Jean-Paul Maury, "Mr. Minitel" of the Directorate General of Telecommunications (ancestor of France Télécom), said that France was "well ahead" in computer systems in the 1980s: "The display of colors in JPEG format was invented in France for the Minitel. Similarly, our power supply inspired the USB of today." Jean-Paul Maury fights against the idea that the Minitel delayed the changeover to the Internet in France: "Instead, it gave us an advance of twenty years. At one point we were the only ones with an electronic directory, banking, information in real time when France Info didn't exist! " The father of Minitel concedes that the country lost its lead, first, because the United States capitalized on their vast domestic market to conquer the world with their PCs. These worked everywhere, while each European country built its own standard of Minitel.

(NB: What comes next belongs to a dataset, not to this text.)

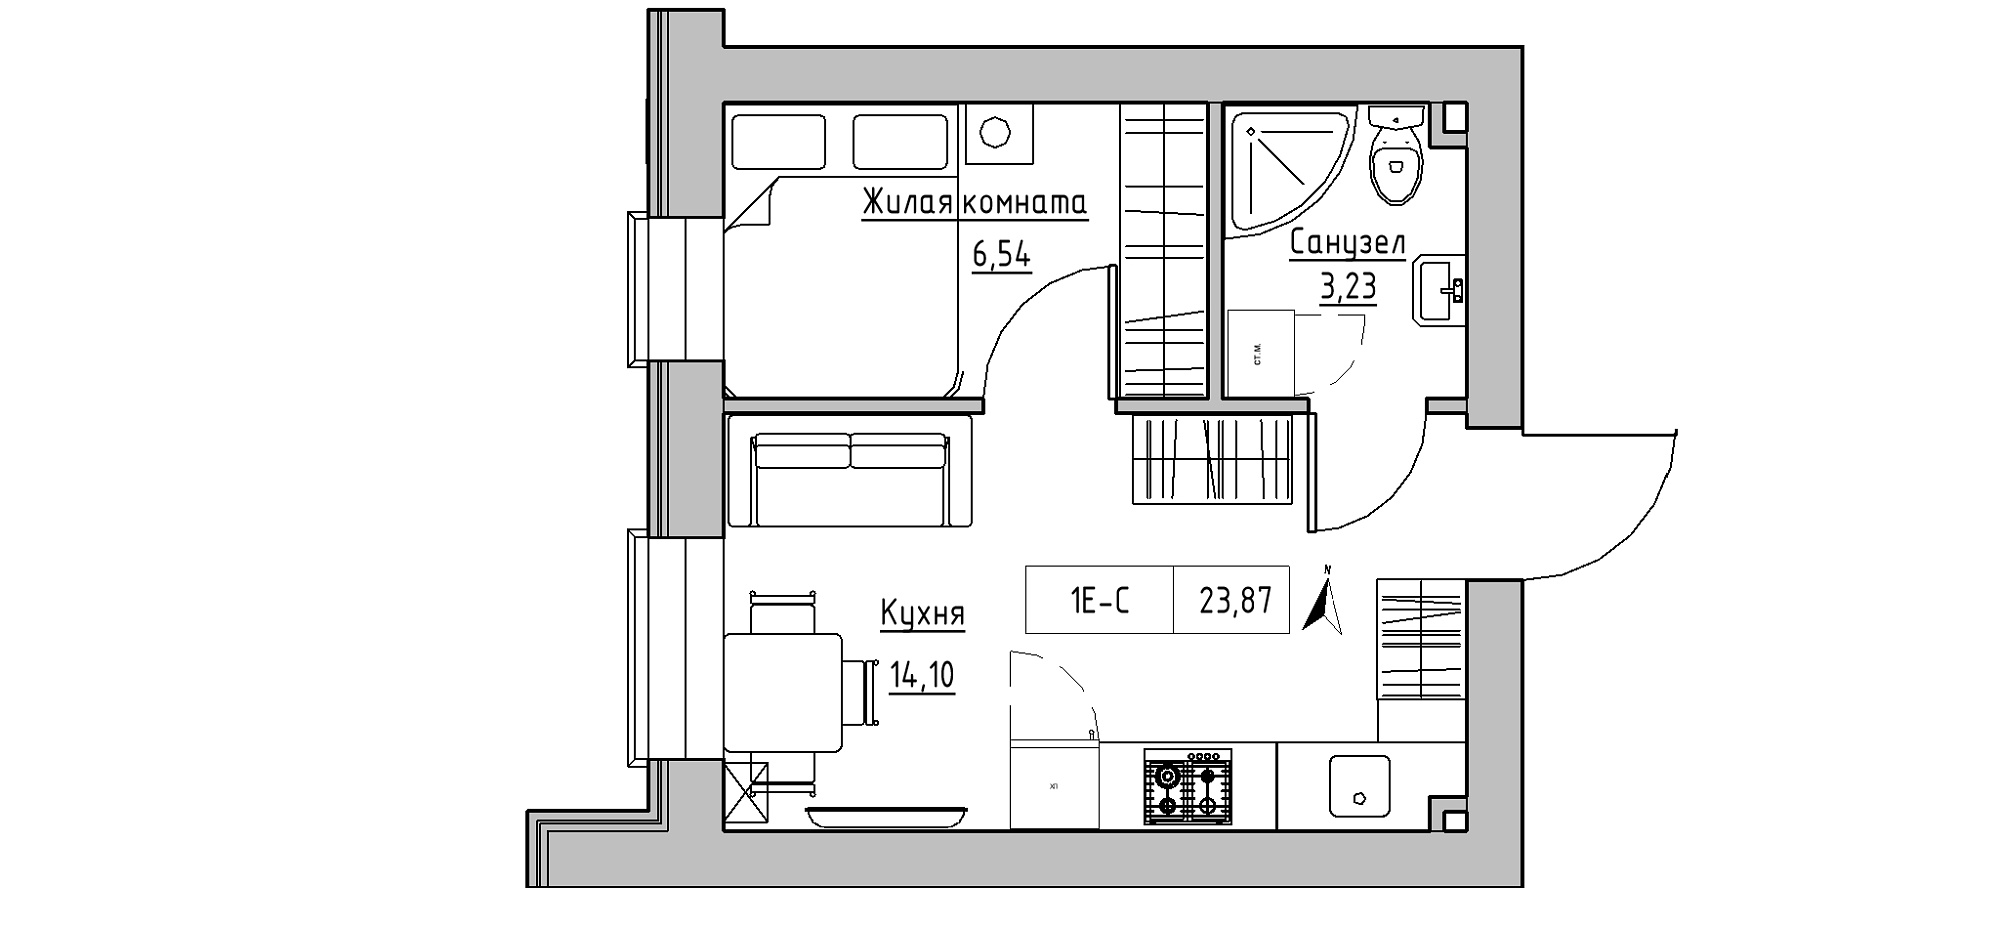 Планування 1-к квартира площею 23.87м2, KS-020-02/0012.

Then, in France the liberalization of telecoms terminated the plans for public investment. "From the outset, we planned to distribute 30 million Minitel terminals," said Jean-Paul Maury. At the time, France Telecom was connecting 2 million homes per year to phone lines, for 5000 to 6000 francs each. He was not underestimating the cost of adding Minitel connections: "The terminal costing 1000 francs was included in the CHF 100 billion plan to catch up the phone! "

In thirty years, the centralized system which counted up to 25 million users brought in billions of euros. France Telecom says modestly that "tens of millions of euros" were earned in 2011 for the hundreds of businesses still using the platform, and "several million" for the telecom operator itself.